Painfully aware of their housing predicament — and the pressing questions it raises about Provincetown’s future — local leaders have stepped up their efforts to address it. The town is building 65 year-round rental units on the former site of a VFW hall, its housing director, Michelle Jarusiewicz, said, while a private developer has plans to create 100 units of dorm-style accommodations for seasonal workers, who are desperately needed by employers.
As they strain to find workers, some businesses have been forced to cut back hours. Others offer on-site housing for free or minimal rent, or rent rooms for employees in area motels — not all of them in good condition, locals said. The Cape Cod Chamber of Commerce recently hired a housing coordinator to help student workers from overseas find host families or other accommodations for the season.

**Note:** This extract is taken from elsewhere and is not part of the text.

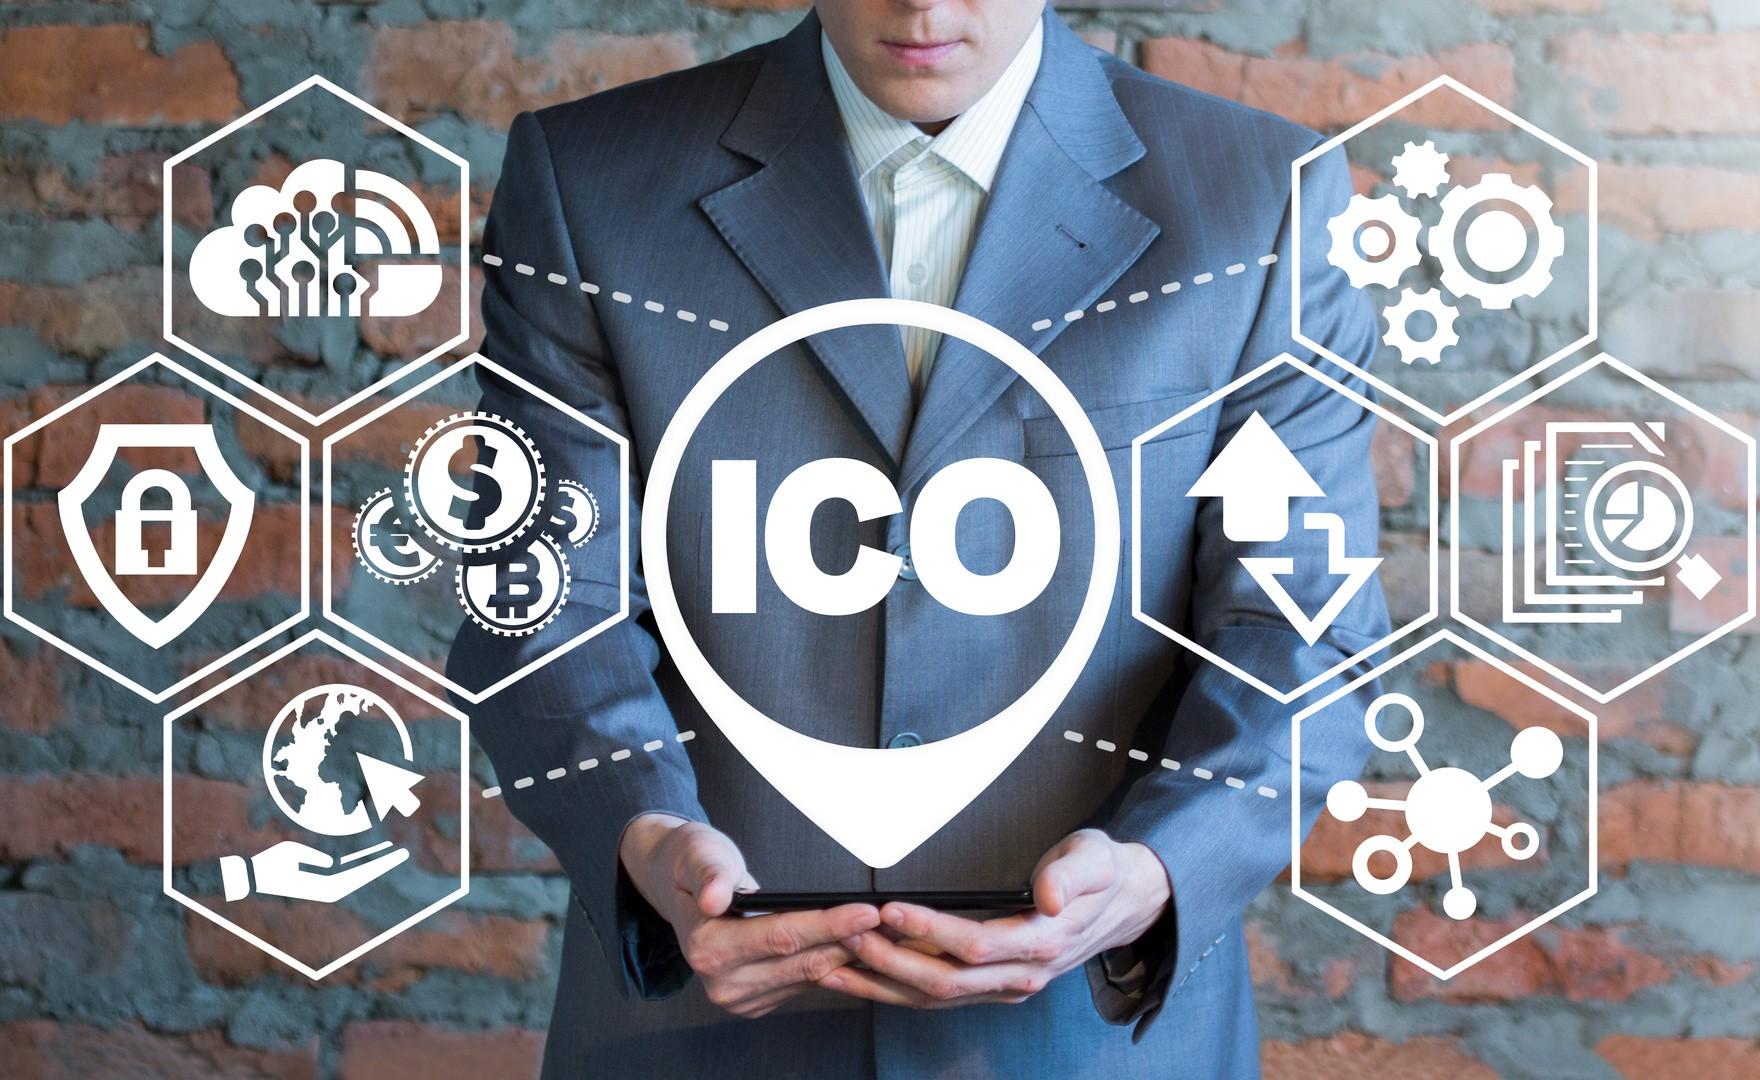 ¿Cuáles son los beneficios de invertir en una ICO?

Kristin Hatch, executive director of the Provincetown Housing Authority, said she regularly receives calls about housing emergencies, including people living in cars or in the woods. Many are former housekeepers, wait staff and other service workers.

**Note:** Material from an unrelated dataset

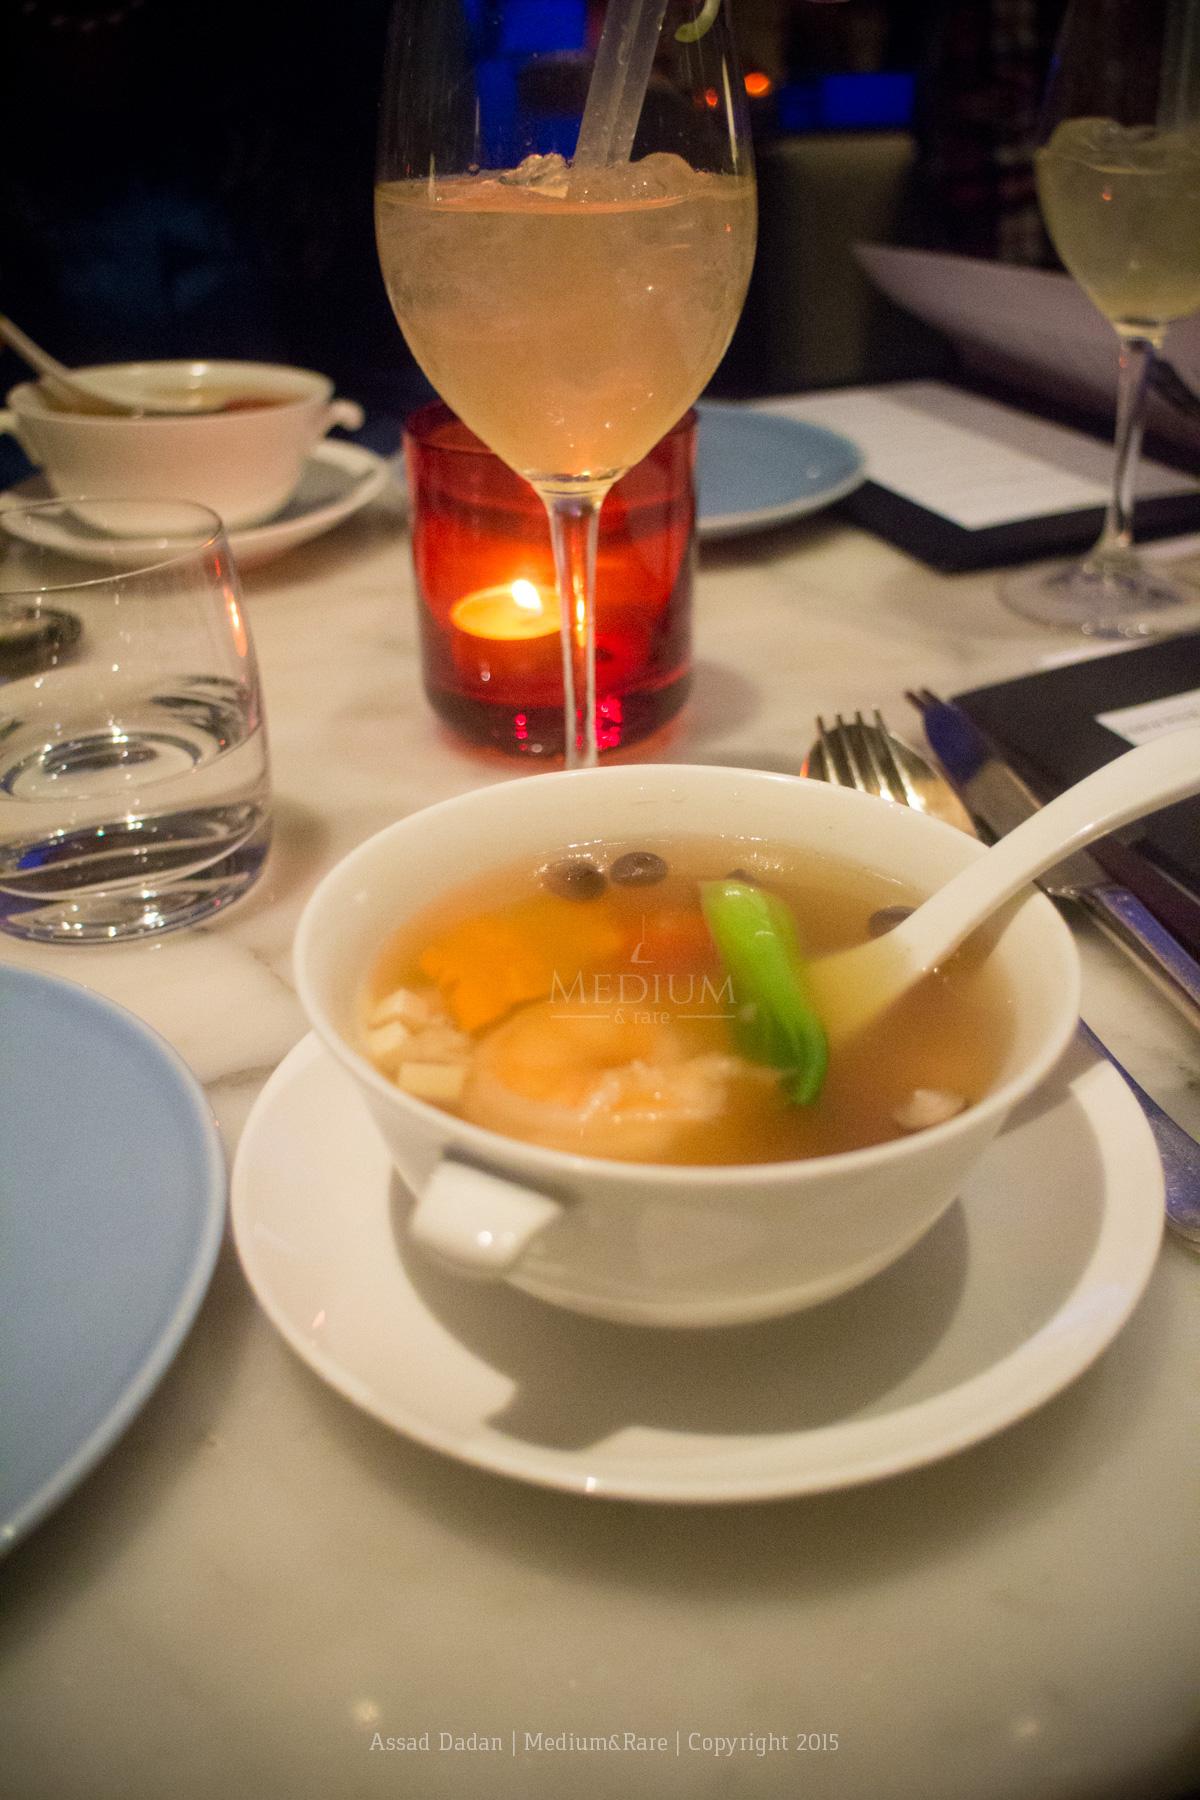 Prawns & Scallop Soup

“We’re hitting a wall,” she said. “Who’s going to save these people in a small town like this?”
Mr. McKeon, who spent decades working in patient care at a New York psychiatric hospital, is not the only matchmaker in town. There is another Facebook page also devoted to housing, and other scouts, like Arlene Weston, a local housing commissioner who helped place student workers in a vacant church rectory last summer.
Adding to their challenge, Mr. McKeon said, are the fake rental listings, posted by scammers, that must be rooted out. In retaliation for exposing them, he said, fraudsters have harassed him on his social media accounts and cellphone, calls he answers with a cheerful, “Provincetown Police Department!”
He said he has found room rentals for only about a dozen people this spring, in the toughest market he has ever seen.
Nigel Revenge, a local actor, was among those squeezed out, after his landlord of three years decided to convert his apartment into a weekly rental. Months of searching got him nowhere, and Mr. Revenge left Provincetown at the end of April to stay with family elsewhere on Cape Cod.
Within days, he said, a driver called him an anti-gay slur as he rode his bicycle to work. “I’m not in Oz anymore,” Mr. Revenge said.
Henry Merges, 20, a Brown University sophomore, was so eager to accept a summer internship at the Provincetown Art Association, he briefly considered living in a borrowed camper. Ultimately, though, he turned down the opportunity for lack of housing, moved in with his parents in upstate New York and resumed his job search.
“It was pretty heartbreaking,” he said, “but it felt like a battle not worth fighting.”
As summer neared and the rental frenzy escalated, outrage bubbled up again on Facebook, this time in response to a post about “two freestanding cottages,” 800 and 850 square feet.
“SUMMER SEASONAL RENTAL!” it began.
The cost for four months: $34,000 per unit.